Ca’ Dario: Ca’ Dario (37 E. Victoria St.; [805] 884-9419; opened in 1997 to overwhelming success — so much so that head chef Dario Furlati eventually opened a pizzeria next door to accommodate all his customers. “Our food is fresh and prepared in the moment,” said Furlati when asked what made his place such a hit. “We don’t cut corners.”

The native Italian upholds his homeland’s tradition of keeping dishes fresh and light, which is all too important when it comes to vegetarian food. “In Italian cooking, anything can be made vegetarian,” he said of the cuisine’s adaptability.

For his vegetarian clientele, he recommends a fusilli pasta alla puttanesca. With organic produce — Kalamata olives, red and yellow tomatoes, capers, and parsley — and a light dusting of grated pecorino cheese, a simple pasta dish comes to life. When it comes to pasta, it is all too important to add a range of colors in order to make it not only healthy but also exciting. The dish is effortless and inviting, as if meant to be enjoyed on a sun-drenched Riviera terrace. Guests can also customize their order by requesting whole-wheat or gluten-free pasta.

A taste of fusilli al fumo from the historic Cajun restaurant on Cota Street.
Joanne Howard

The Palace Grill: The Palace Grill (8 E. Cota St.; [805] 963-5000; opened 29 years ago and was quickly adopted as a hometown favorite. “It was unique because we were bringing regional Cajun cuisine to Santa Barbara,” said Errol Williams, who, as the restaurant’s general manager, is also proud of winning the award for best service in Santa Barbara 26 times since opening in May 1985.

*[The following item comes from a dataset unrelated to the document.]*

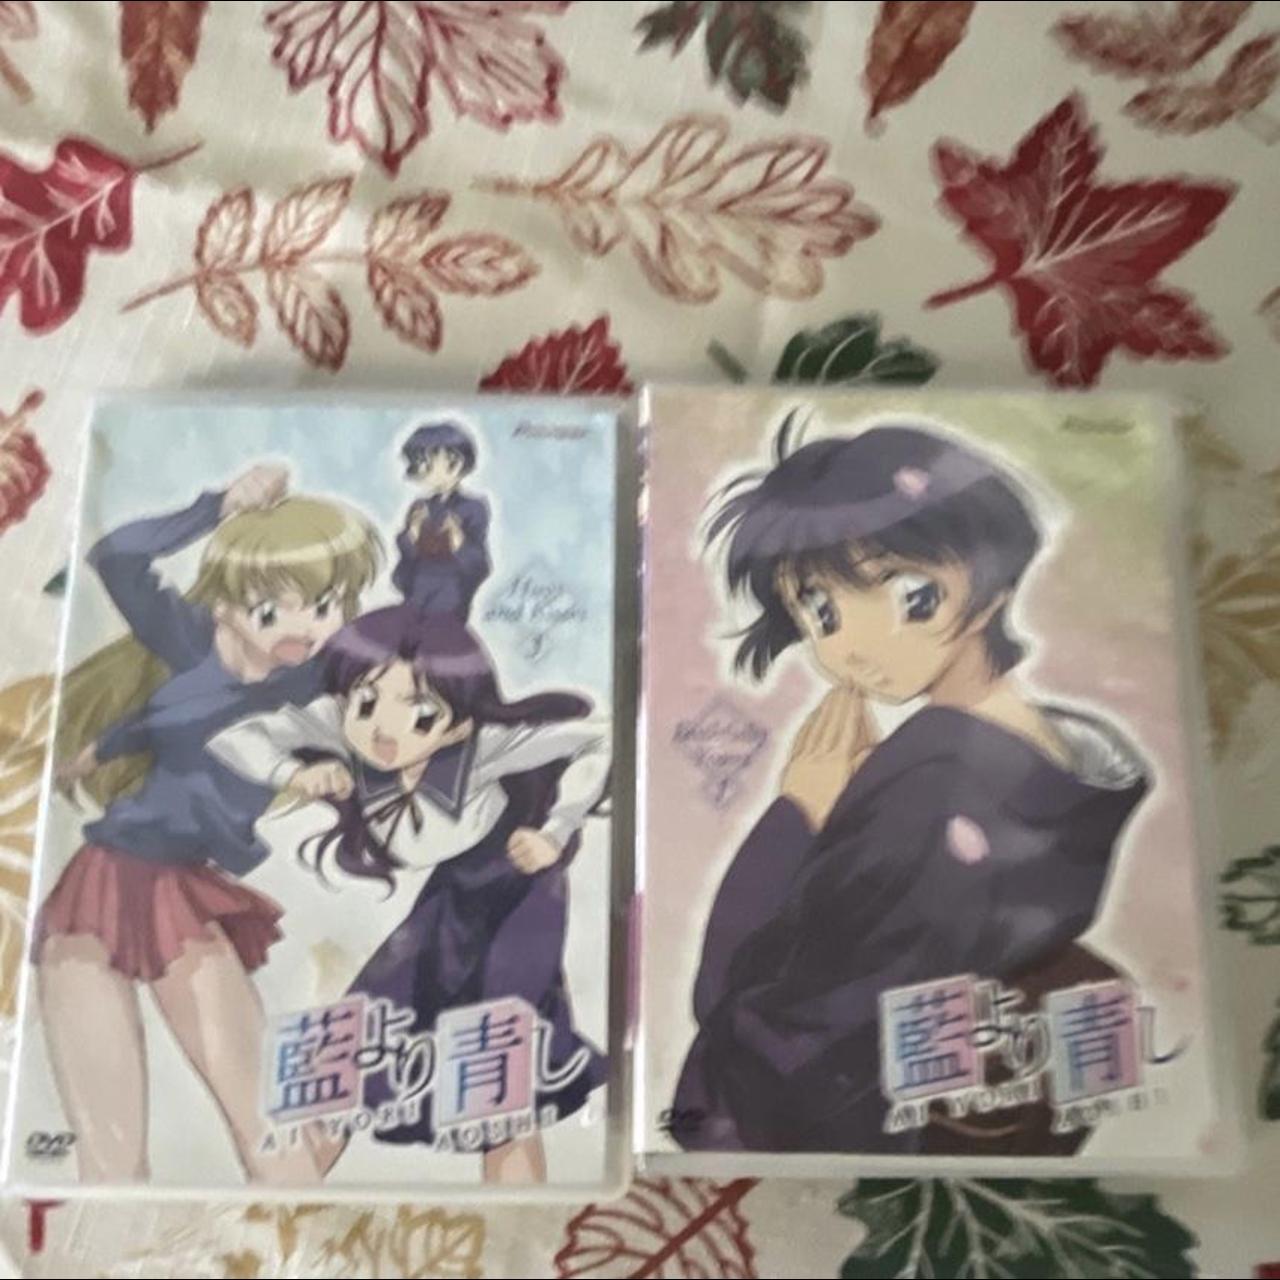 Ai Yori Aoshi Anime Poster Wall Decor

What diners might not know is that The Palace Grill offers more than old-style jambalaya, shrimp gumbo, and the other meat- and seafood-heavy dishes that typify Cajun cuisine. Williams recommended the fusilli al fumo, a pasta dish with roasted eggplant and red peppers, smoked mozzarella, and a sweet tomato basil cream sauce. It maintains the spicy flavors of Cajun cuisine, and the dish gives off a zesty Southern flair that is not often found in vegetarian cooking. Not your traditional Italian pasta, the fusilli al fumo is one of the restaurant’s dishes that give vegetarians a genuine taste of the South.